By iterating over HTML elements that serve as containers for each product, we can easily create reusable web scraping code.

In this example, we will extract the product name and price.

First, create two selectors before the for loop:

let book_name_selector = Selector::parse("h3 a").unwrap();
let book_price_selector = Selector::parse(".price_color").unwrap();

Within the for loop, apply these selectors to each individual book:

for element in document.select(&book_selector) {
    let book_name_element = element.select(&book_name_selector).next().expect("Could not select book name.");
    let book_name = book_name_element.value().attr("title").expect("Could not find title attribute.");
    let price_element = element.select(&book_price_selector).next().expect("Could not find price");
    let price = price_element.text().collect::<String>();
    println!("{:?} - {:?}", book_name, price);
}

Note the following:

The book name is stored in the title attribute of the <a> element.

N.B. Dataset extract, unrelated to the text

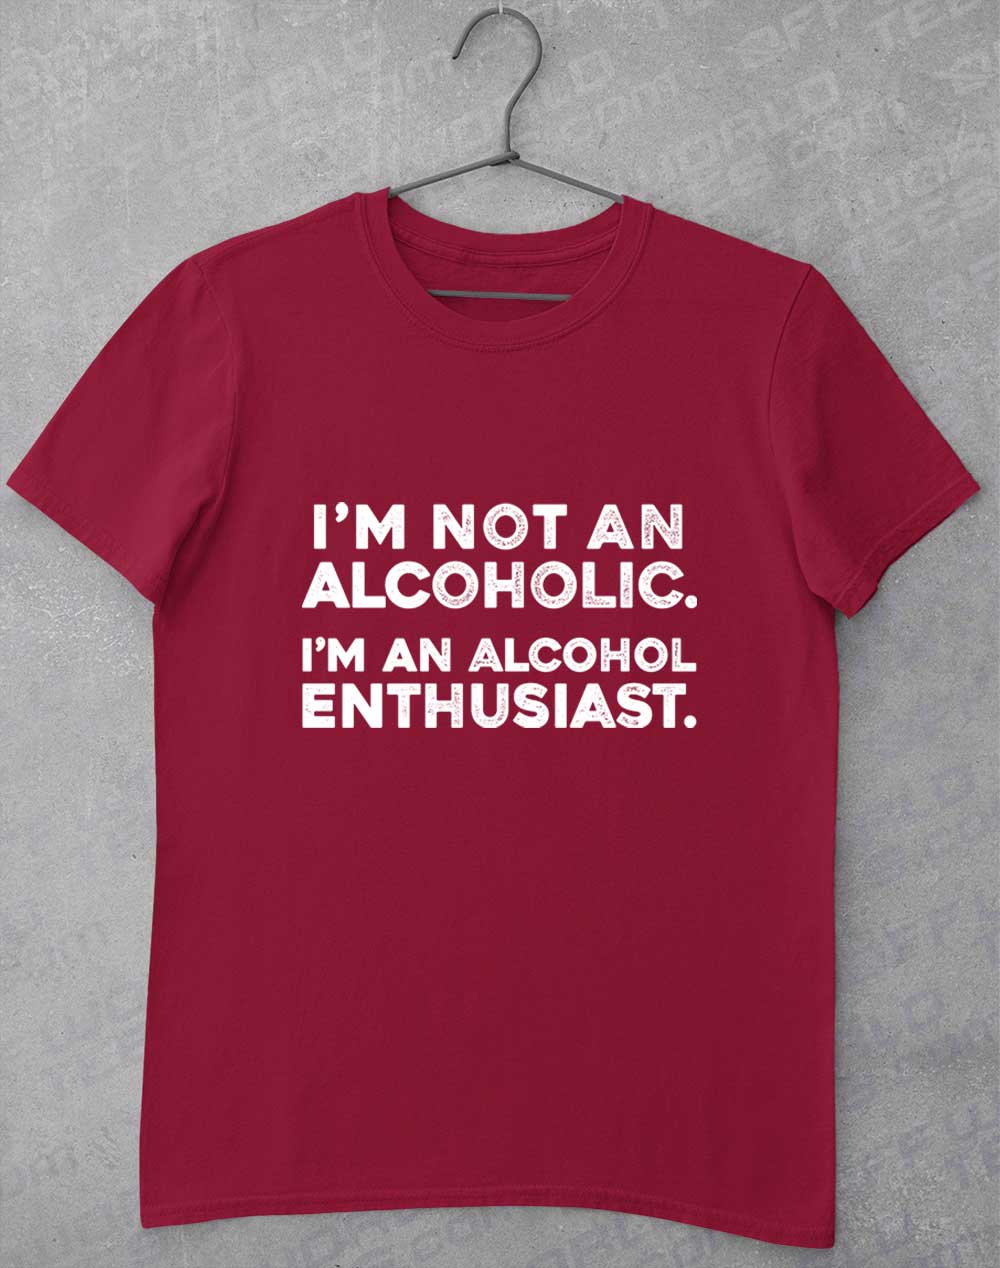 Cardinal Red - Not an Alcoholic T-Shirt

The price is present in the text of the element.

Save the files and execute the following command in your terminal:

$ cargo run

This will print the book names and prices on the terminal.

Extracting product links

You can extract the product links in a similar manner. Create a selector outside the for loop as shown below:

let book_link_selector = Selector::parse("h3 a").unwrap();

Within the for loop, add the following lines:

let book_link_element = element.select(&book_name_selector).next().expect("Could not find book link element.");
let book_link = book_link_element.value().attr("href").expect("Could not find href attribute");

Now, you have extracted all the necessary values. You can print them to the console or save them to a CSV for better organization.

Writing scraped data to a CSV file

To create a CSV file in your web scraping project, you can use the CSV Rust library. Here's how you can modify your code to achieve this:

Add the following line to your Cargo.toml under dependencies:

csv = "1.1"

Before the for loop, create a CSV writer as follows:

let mut wtr = csv::Writer::from_path("books.csv").expect("Could not create file.");

Optionally, write the headers before the for loop:

wtr.write_record(&["Book Name", "Price", "Link"]).expect("Could not write header.");

Within the for loop, write each record to the CSV file:

wtr.write_record([book_name, &price, &book_link]).expect("Could not write record.");

Finally, close the file after the for loop:

wtr.flush().expect("Could not close file");

Here's the modified main.rs file:

use scraper::{Html, Selector};

fn main() {
    // Existing code omitted for brevity

    let mut wtr = csv::Writer::from_path("books.csv").expect("Could not create file.");
    wtr.write_record(&["Book Name", "Price", "Link"]).expect("Could not write header.");

    for element in document.select(&book_selector) {
        // Existing code omitted for brevity

        wtr.write_record([book_name, &price, &book_link]).expect("Could not write record.");
    }
 
   wtr.flush().expect("Could not close file");

    println!("Done");
}

With these modifications, the program will write the scraped data to a CSV file named "books.csv" in the same directory.

Conclusion

In this article, we explored the process of creating a web scraper using Rust. We delved into the utilization of CSS selectors in web scraping, leveraging the powerful Rust Scraper library for this purpose.